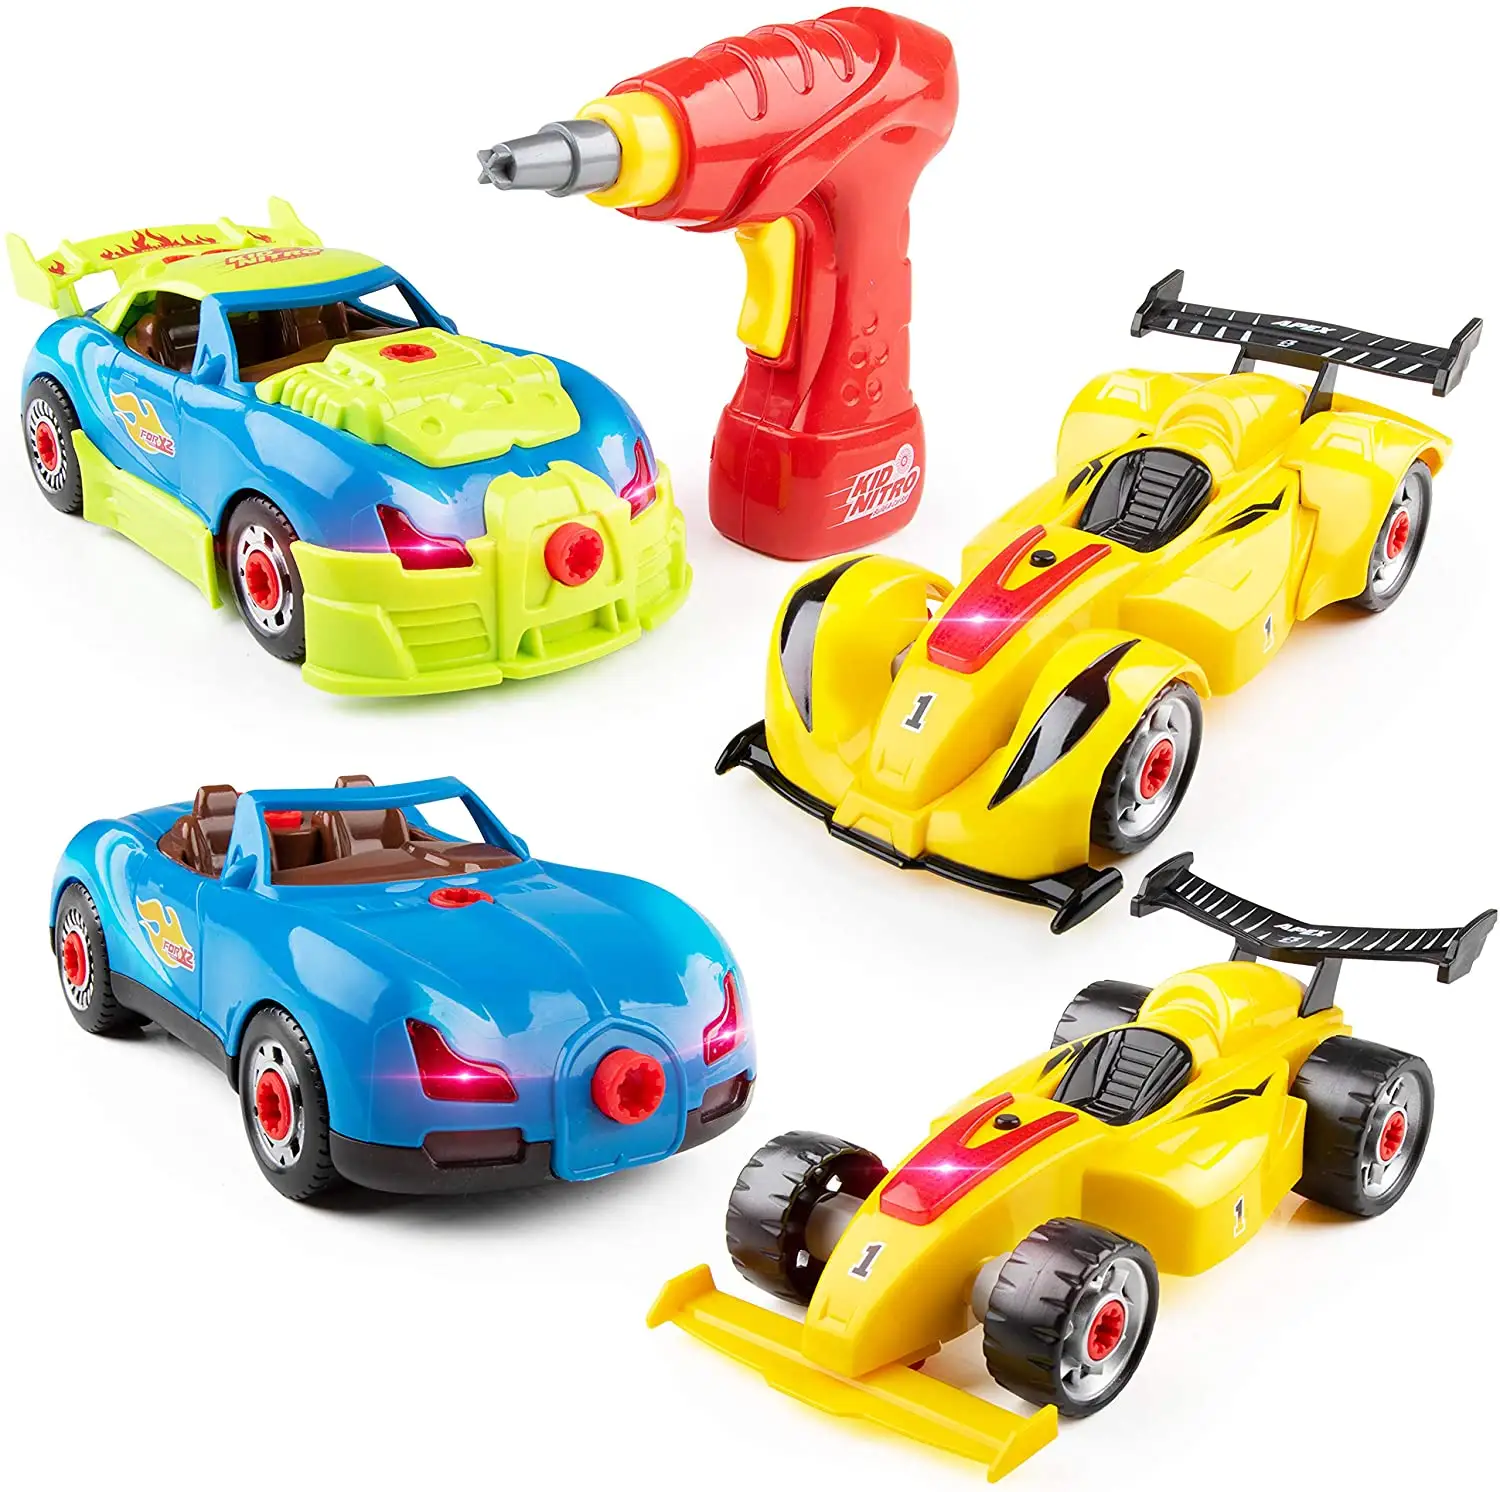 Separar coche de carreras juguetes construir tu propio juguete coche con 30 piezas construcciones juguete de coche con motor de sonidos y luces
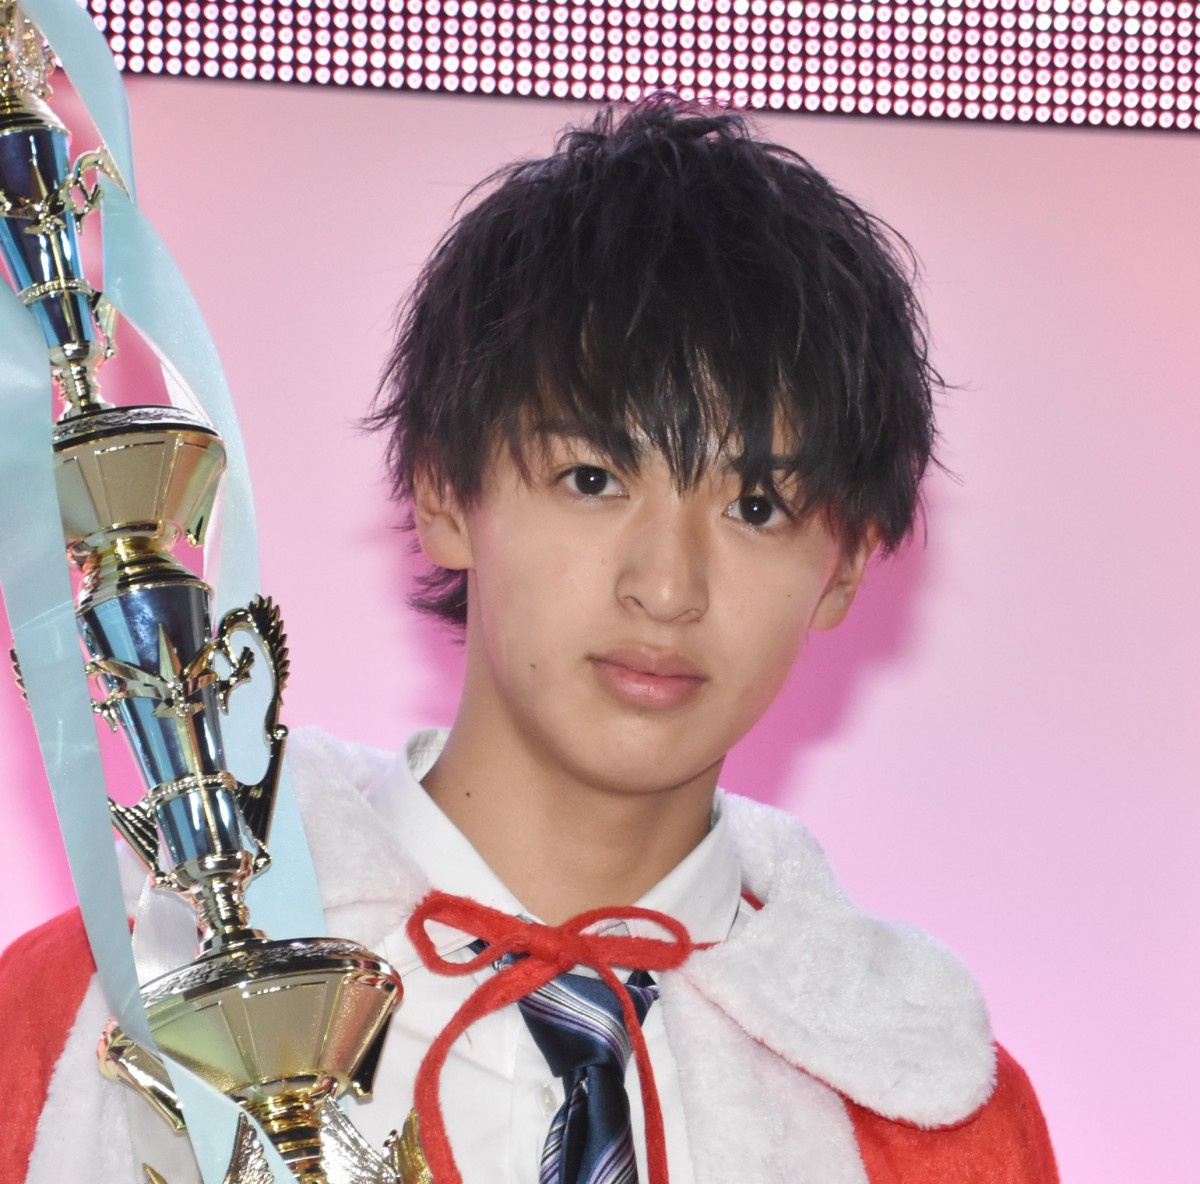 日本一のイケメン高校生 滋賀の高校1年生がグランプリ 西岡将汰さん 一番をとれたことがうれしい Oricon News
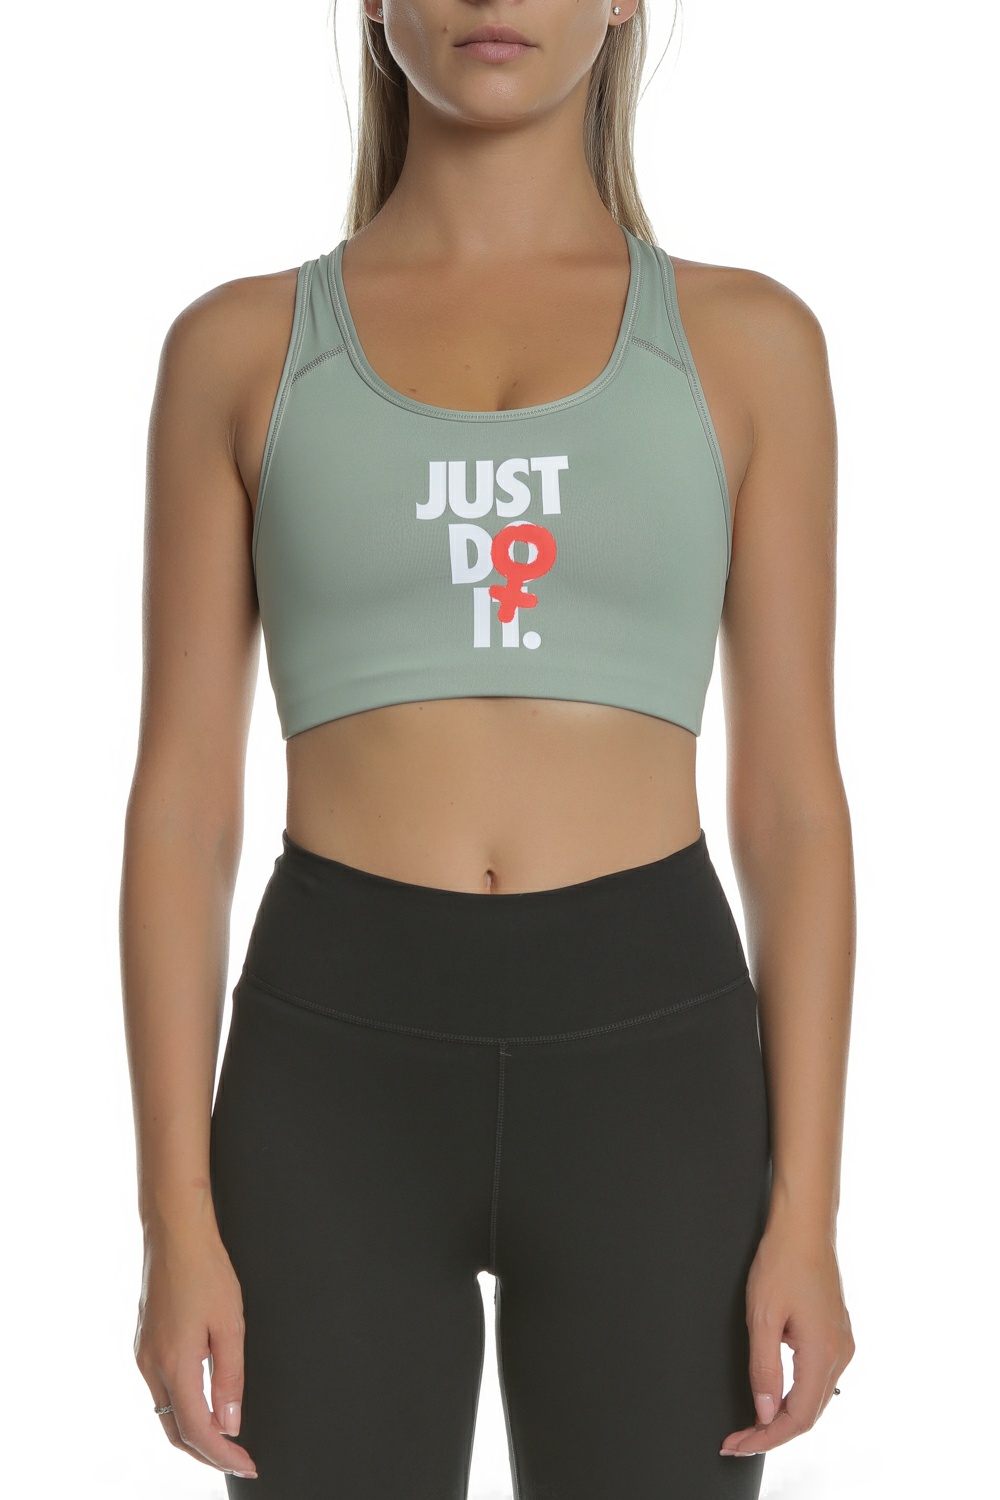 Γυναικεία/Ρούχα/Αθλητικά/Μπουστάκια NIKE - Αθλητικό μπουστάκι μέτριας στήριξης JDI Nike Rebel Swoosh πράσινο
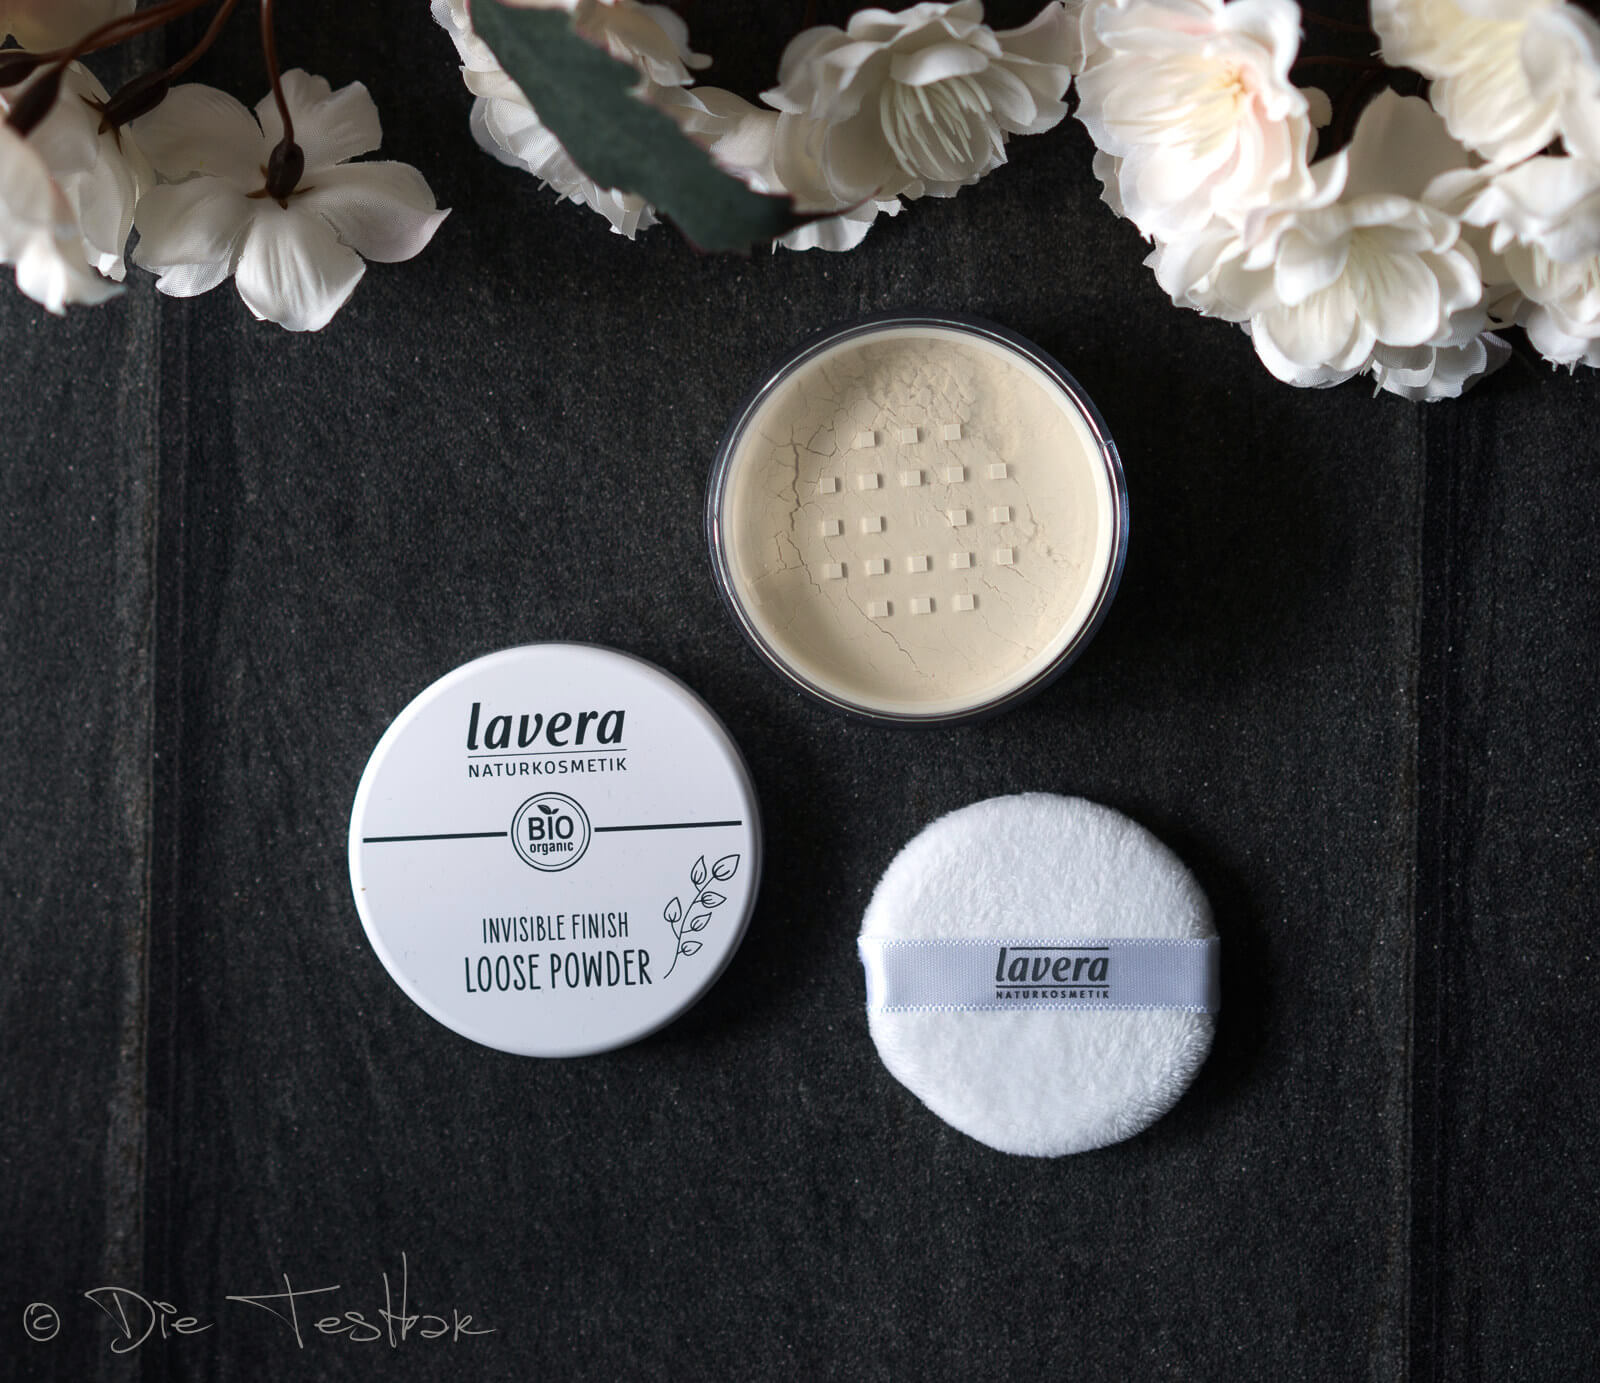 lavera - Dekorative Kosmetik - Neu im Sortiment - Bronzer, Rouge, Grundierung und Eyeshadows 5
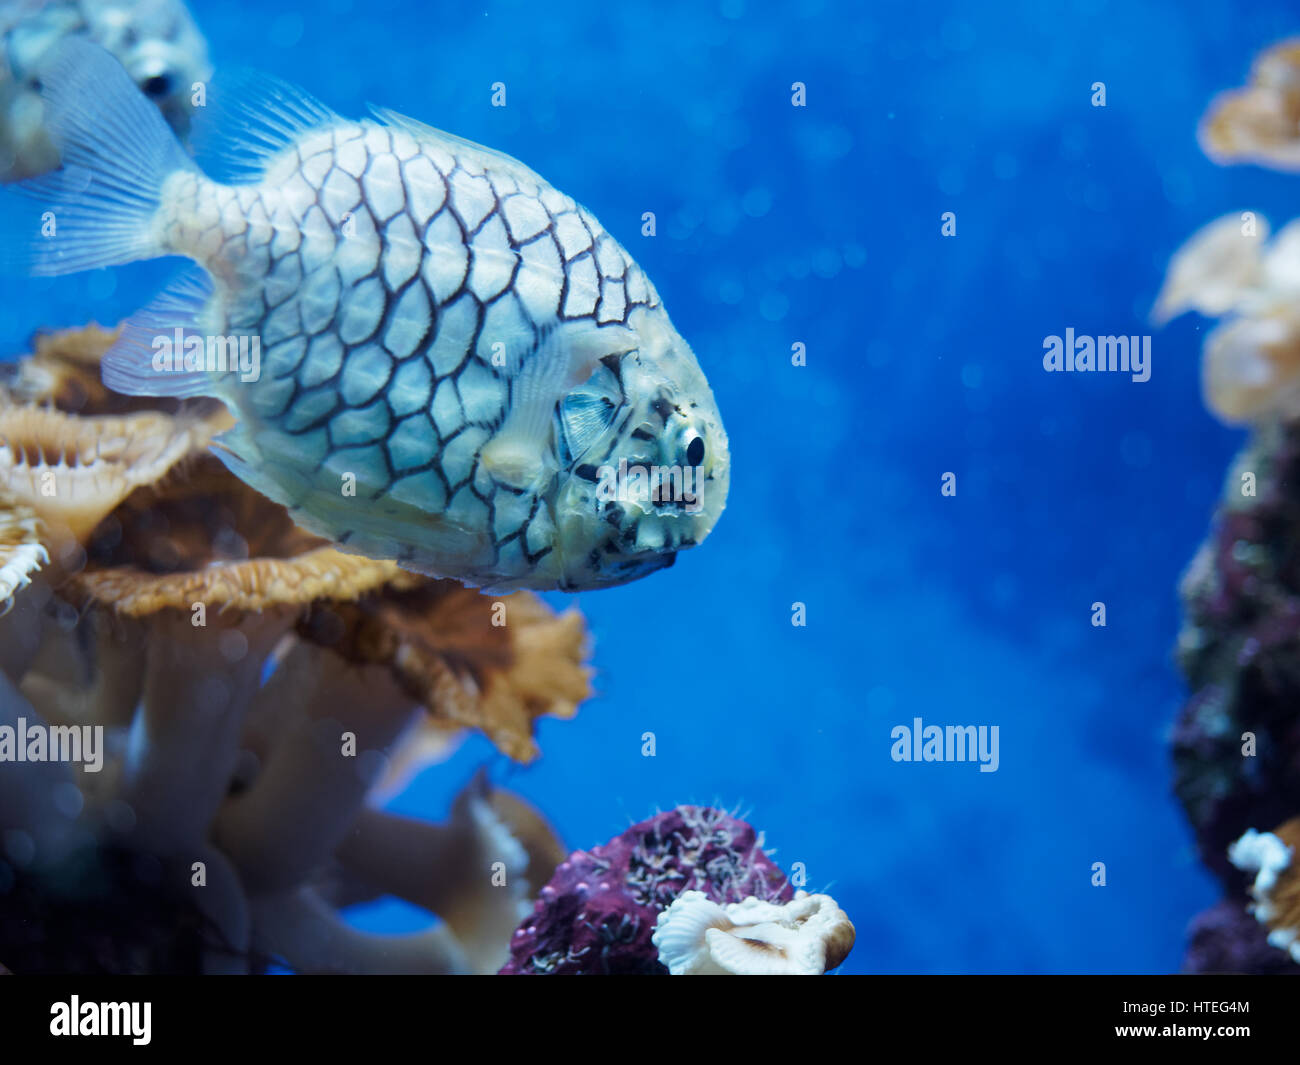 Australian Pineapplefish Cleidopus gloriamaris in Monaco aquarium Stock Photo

------------------------------

**What the task asks**
Could you copy all of the entries above exactly, without the pictures?

**Solved problem**
 Separar coche de carreras juguetes construir tu propio juguete coche con 30 piezas construcciones juguete de coche con motor de sonidos y luces
 日本一のイケメン高校生 滋賀の高校1年生がグランプリ 西岡将汰さん 一番をとれたことがうれしい Oricon News
 Γυναικεία/Ρούχα/Αθλητικά/Μπουστάκια NIKE - Αθλητικό μπουστάκι μέτριας στήριξης JDI Nike Rebel Swoosh πράσινο
 lavera - Dekorative Kosmetik - Neu im Sortiment - Bronzer, Rouge, Grundierung und Eyeshadows 5
 Australian Pineapplefish Cleidopus gloriamaris in Monaco aquarium Stock Photo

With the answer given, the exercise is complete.